New York City rapper SHIRT has already mastered the dying art of mystique – his real name is hidden, and a strange solid green colour bleed is his album cover. Being the first rapper signed to Third Man Records, a title you’d think would never exist, he received a barrage of press ahead of this debut, Pure Beauty. He’s currently overseas pursuing a master’s degree in fine arts, a peculiar status for a hot new rapper beginning his first record cycle. With the volume of emcees pitching music online today, it’s harder to gain ears than ever, but SHIRT’s given everyone a reason to listen. Let’s see if the music justifies the mystery.

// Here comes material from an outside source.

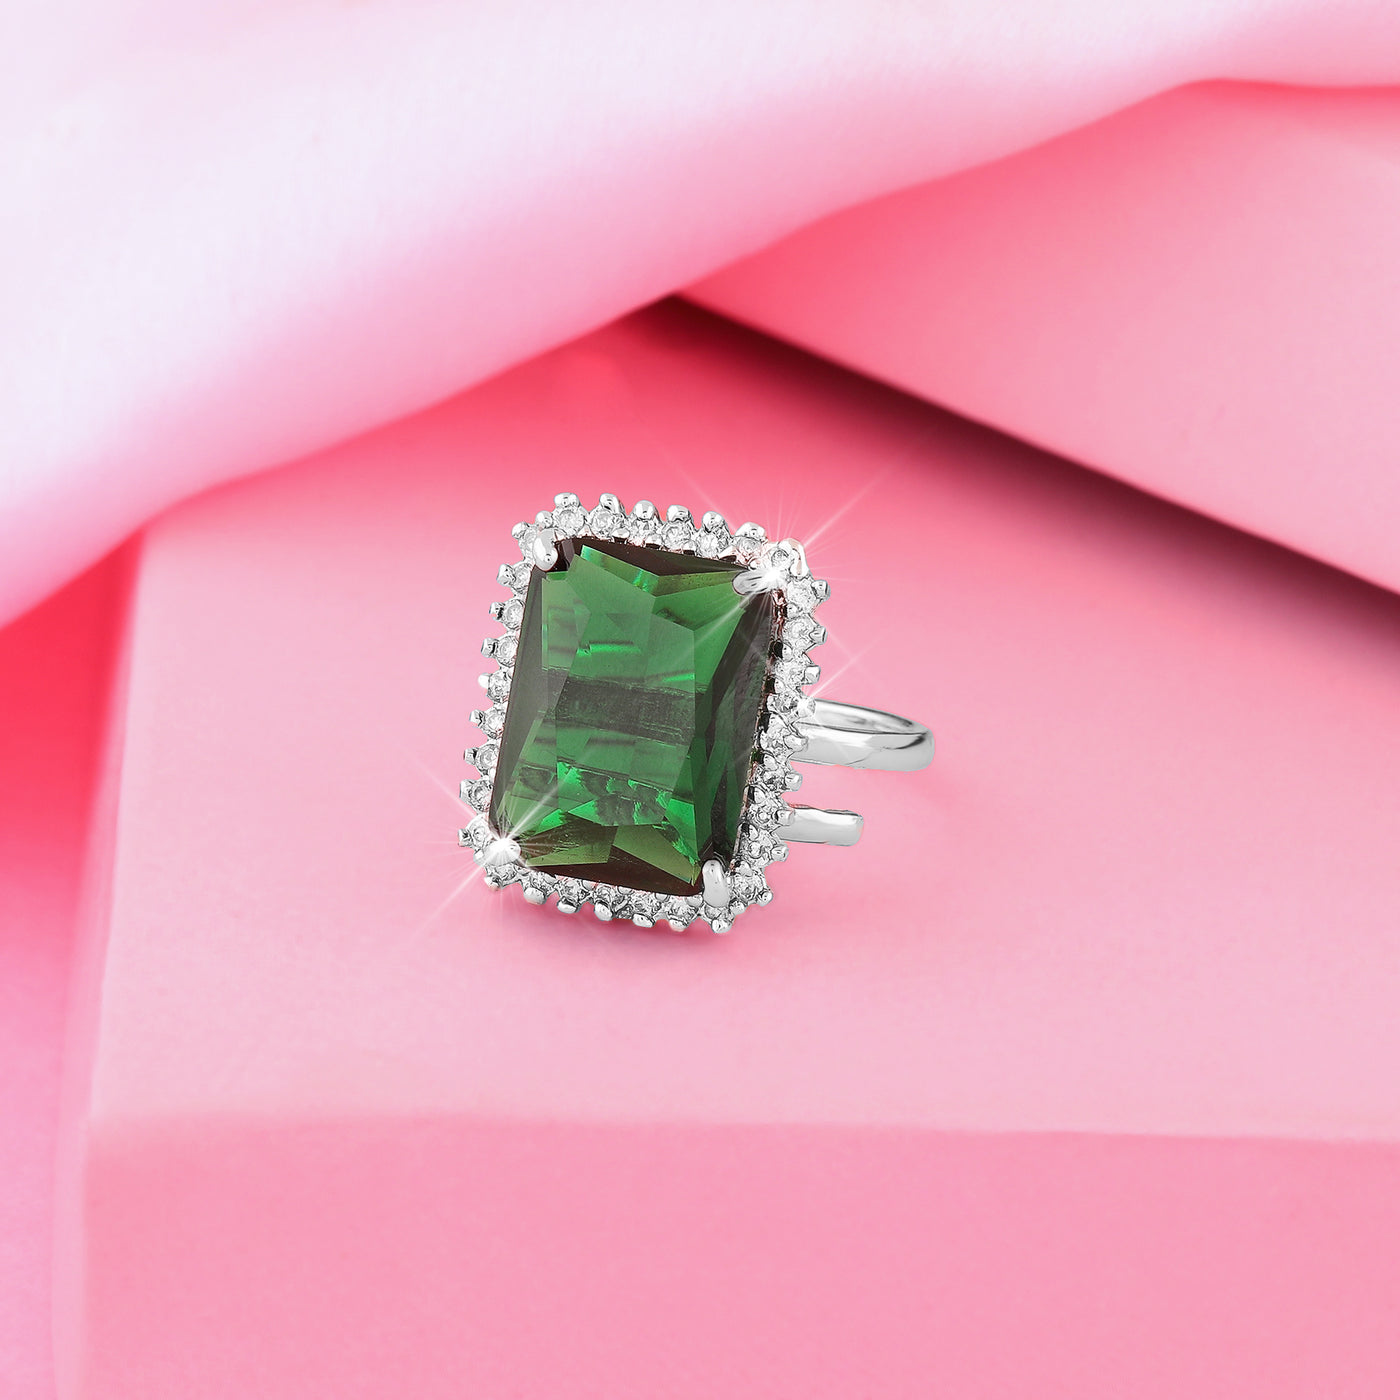 Estele Rhodium Plated CZ Adjustable Emerald/ Green Finger Ring for Women

SHIRT’s raps are raw and lumbering, with little to no attention to the hooks or catchiness that have been so emphasised in the genre as of late, and his sense of rhythm is formidable. It’s refreshing to hear rap songs that don’t pander to pop charts in 2018, no ad nauseum auto-tune chants or attempts at viral choruses. His vulgar bellow and eclectic production elements reminisce of Run the Jewels, a group that has always heavily crossed over to rock fanbases, which may shed some light as to Third Man’s interest. Yeezus-era Kanye influence is also evident in his flows and guttural cries, though as a whole Pure Beauty is tastefully reverent to its borough ancestry. The sleek jazz sample of 'F*ck It Going Live' plays under lines like “I’m more of a watch a Fellini flick-er / I don’t eat a TV dinner unless it’s a frozen pizza TV dinner.” It’s these lines, which ignore all conventional standards of lyrical quality in favour of an idiosyncratic energy, that SHIRT thrives on. He won’t make headlines as a lyrical force, but his persona is hypnotic.

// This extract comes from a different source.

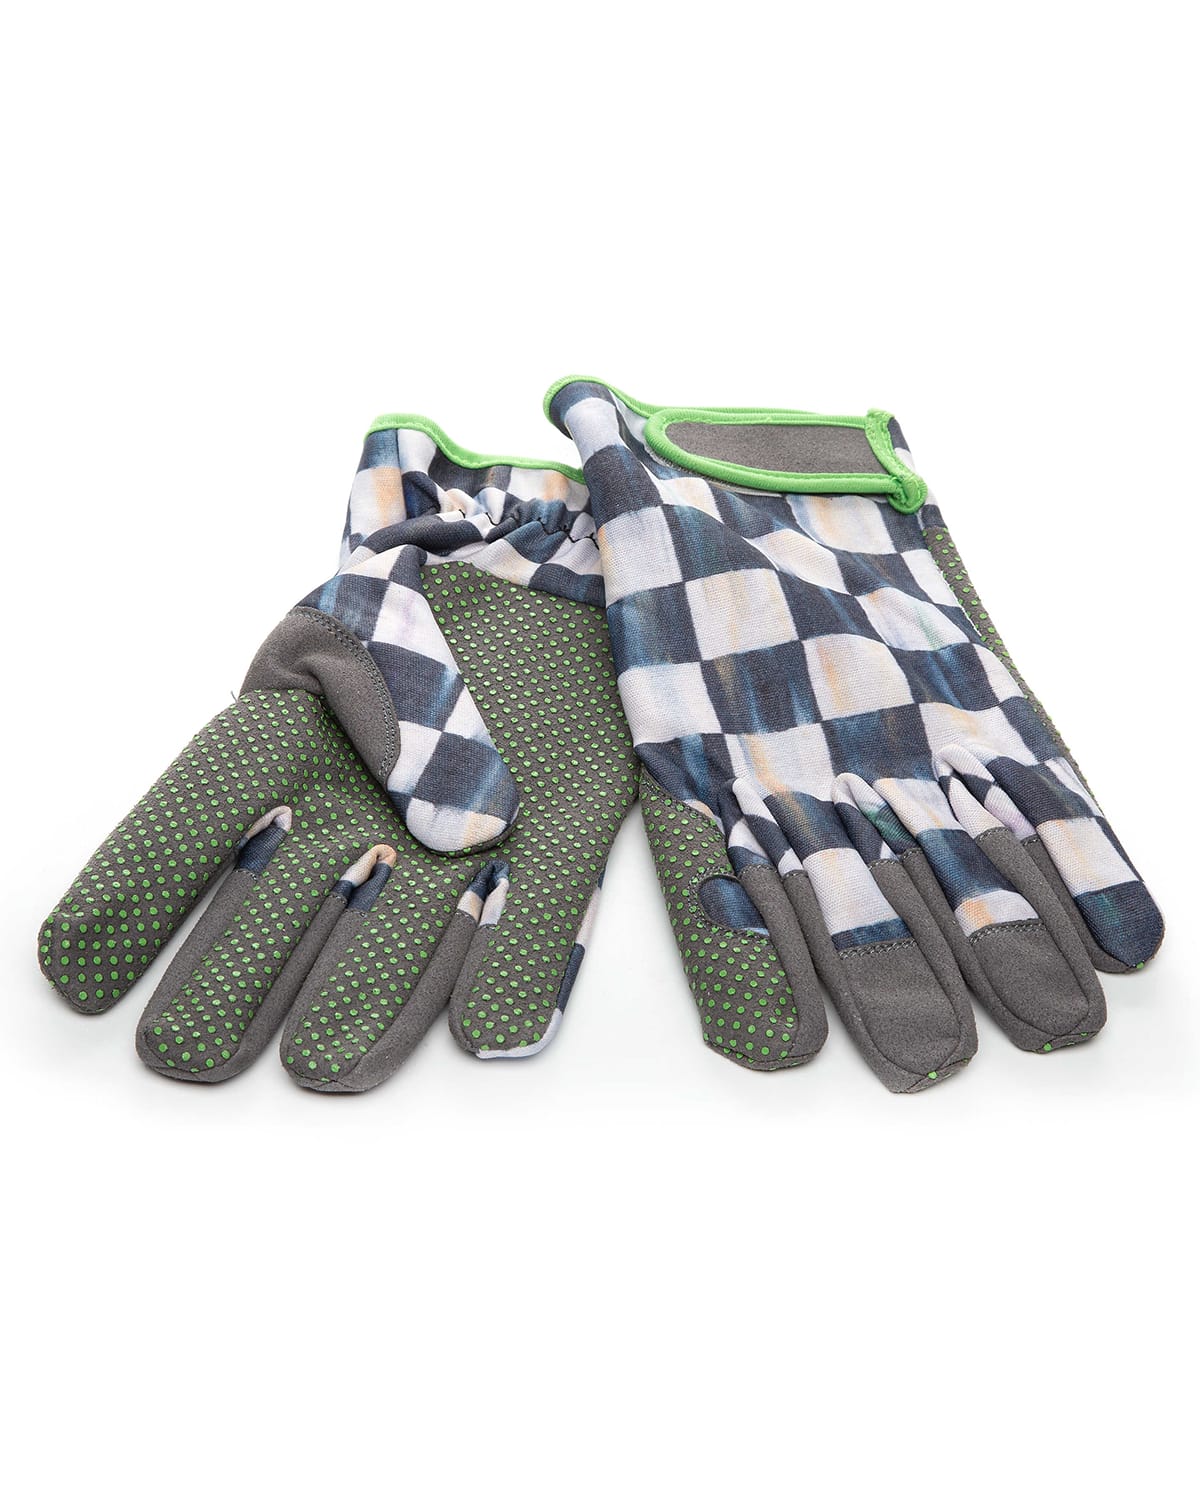 Courtly Check Garden Gloves - Medium

As far as hip hop goes, New York has been in a strange limbo for some time now, being its birthplace and yet one of the weaker hubs for rappers today. So whenever a new figure emerges from the motherland, there’s an air of hope that maybe this one will bring the same excitement that was felt in the eighties or nineties. Many of New York’s emcees seem either unable to let go of tired vintage tones, or taking cues from the south to the point where it feels inauthentic, but there is a balance on Pure Beauty that hasn’t been struck since perhaps the dawning of the A$AP Mob. The record begins with ‘Snow Beach,’ a title derived from the Ralph Lauren pullover Raekwon once made ubiquitous. One of the opening lines is “Giuseppe Zanotti’s, they 1200 if you asking,” where SHIRT begins to teeter between interesting aesthetic musings and plain vapid materialism. While there is nothing inherently wrong with materialistic one-liners, they lack profundity without creative context, and can certainly be deemed exhausted as of late. In SHIRT’s case they come off like easy filler for an otherwise groundbreaking emcee.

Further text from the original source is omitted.